As though communicating in the shorthand of the identical twin sisters they are (one has bleached her hair or the other has dyed it), Tegan and Sara Quin sing and play acoustically driven rock and roll, trading vocals like old school rappers. I wish that they had indicated on the lyrics whose voice is whose, as it is all I can tell you is that both are in the not-trained-in-the-classical-sense- but-filled-with-character box.
Listening to Tegan and Sara, one imagines sitting across from them in a booth in a coffeehouse as they rattle off a caffeinated dialogue with each other. You’re fascinated by much of what they have to say, but at the same time, you want to say “Girls! Girls! Calm down! Have a Corona or something!” They sing as though they have a message to deliver and once they have would rather be moving on to someplace else.
The Quin twins discuss with each other for your benefit their girlhood, commitment both political and personal, sexual escapades and the feeling of being walled in by relationships, the artists lament of having to get a “real job” (you go on and tell it on the mountaintop, sisters), exhibitionism and ruminations on fame. All in a combination of interior monologue and disjointed narrative.
Some more variety of instrumentation and invention in arrangement would have been appreciated, as the songs can seem to run together as recorded. However, if the rock writer Chuck Eddy is right and album-ending songs predict the future, Tegan and Sara’s next album should be worth waiting for: The drum-program driven “Superstar” is the most atypical song here, and may suggest an early clue to a new direction. I personally would be curious to see what they would produce in songwriting collaborations with some more melodic writers (hey, even Ani DiFranco recorded Bacharach), of course, this may interest them not at all. Power and lyrics are this music’s strengths, not melody. The songs are put over on sheer force of will and in-your-face attitude: You will listen to this! Fortunately, you’ll find it’s worth your while, but the lack of “sing alongs” does make their music a slightly more bitter pill to swallow. Still, bitter pills are better than the M & M’s currently on offer (and off her and on her) on the pop charts.

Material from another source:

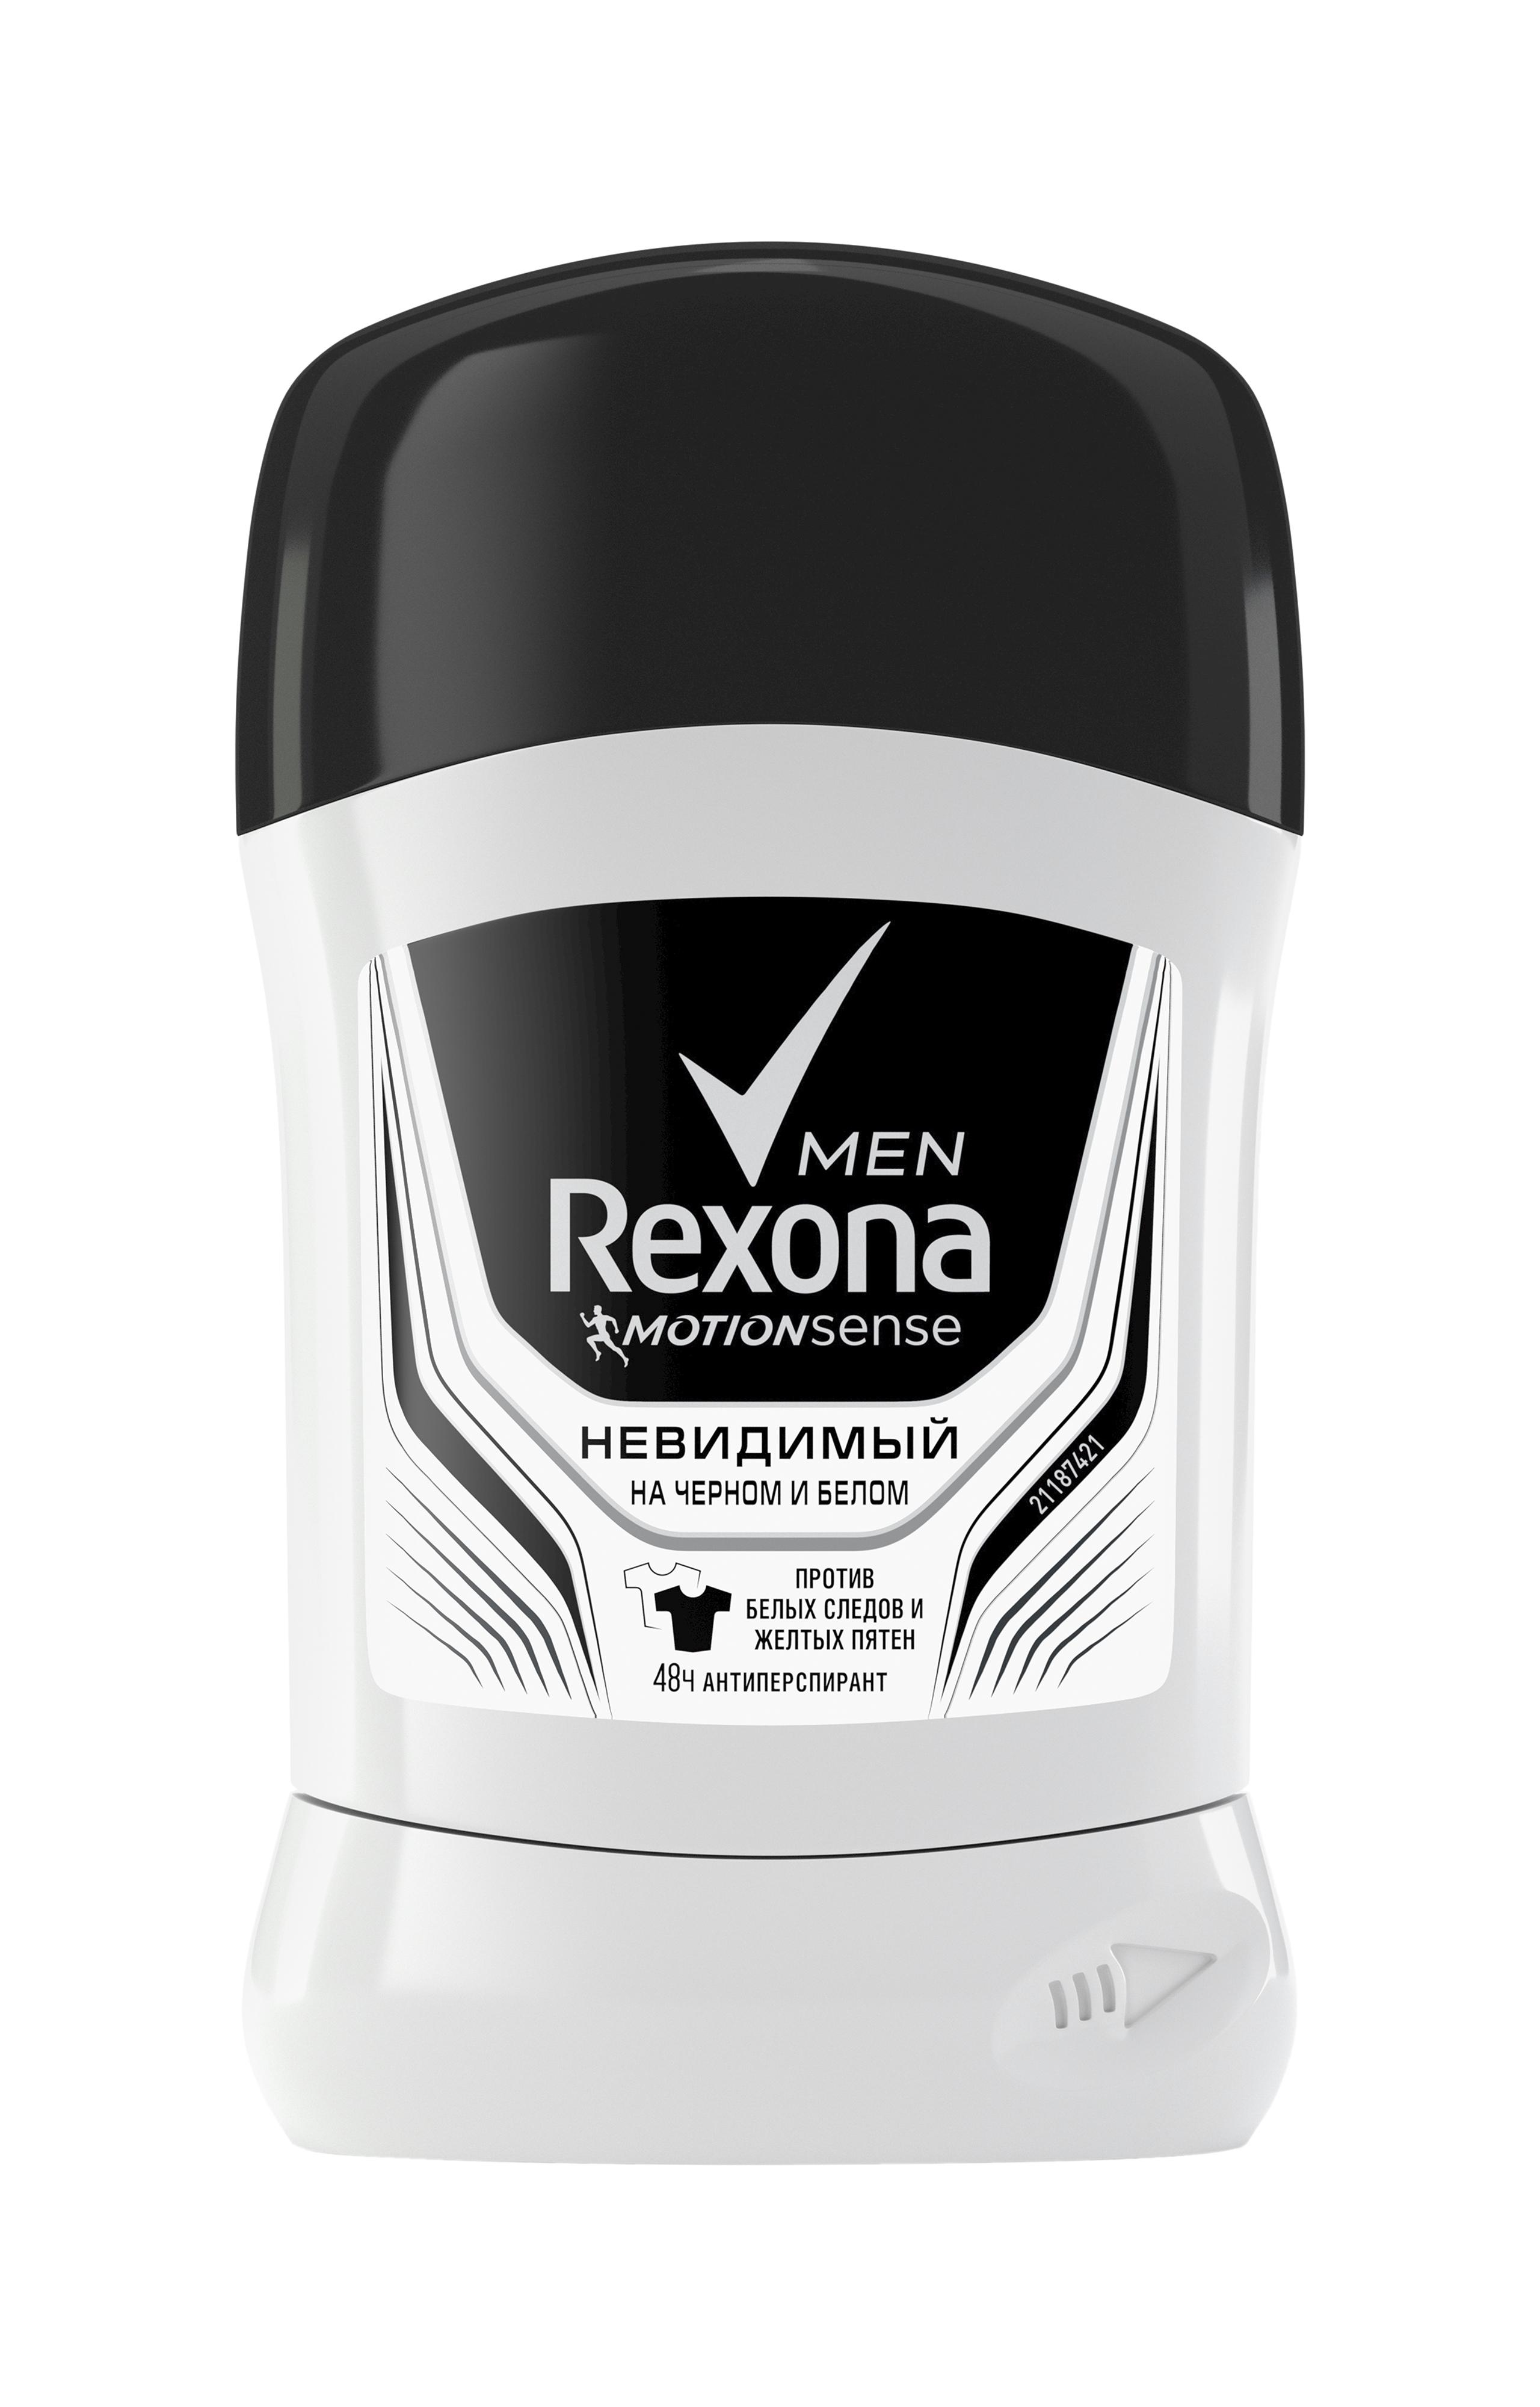 Rexona Men Motionsense Антиперспирант карандаш Невидимый на черном и белом 50 мл67003492Лучшая защита от пятен с ароматом фужерных и древесных ноток

Tegan and Sara strike me as being truly alternative music, in the sense of offering another choice to those charts. Though they are teenagers, this isn’t the jailbait whoops-I-showed-you-my-panties of Britney Spears. And though they are feminist it isn’t in the Coyote Ugly empowerment through shaking your ass on a bar way. But strong, smart young women who find no sympathy in the top 40, and men who like strong, smart young women—that is to say, real men—should like this a lot. Tegan and Sara are not glamorous but compelling, like a soundtrack to tomboys out on the town.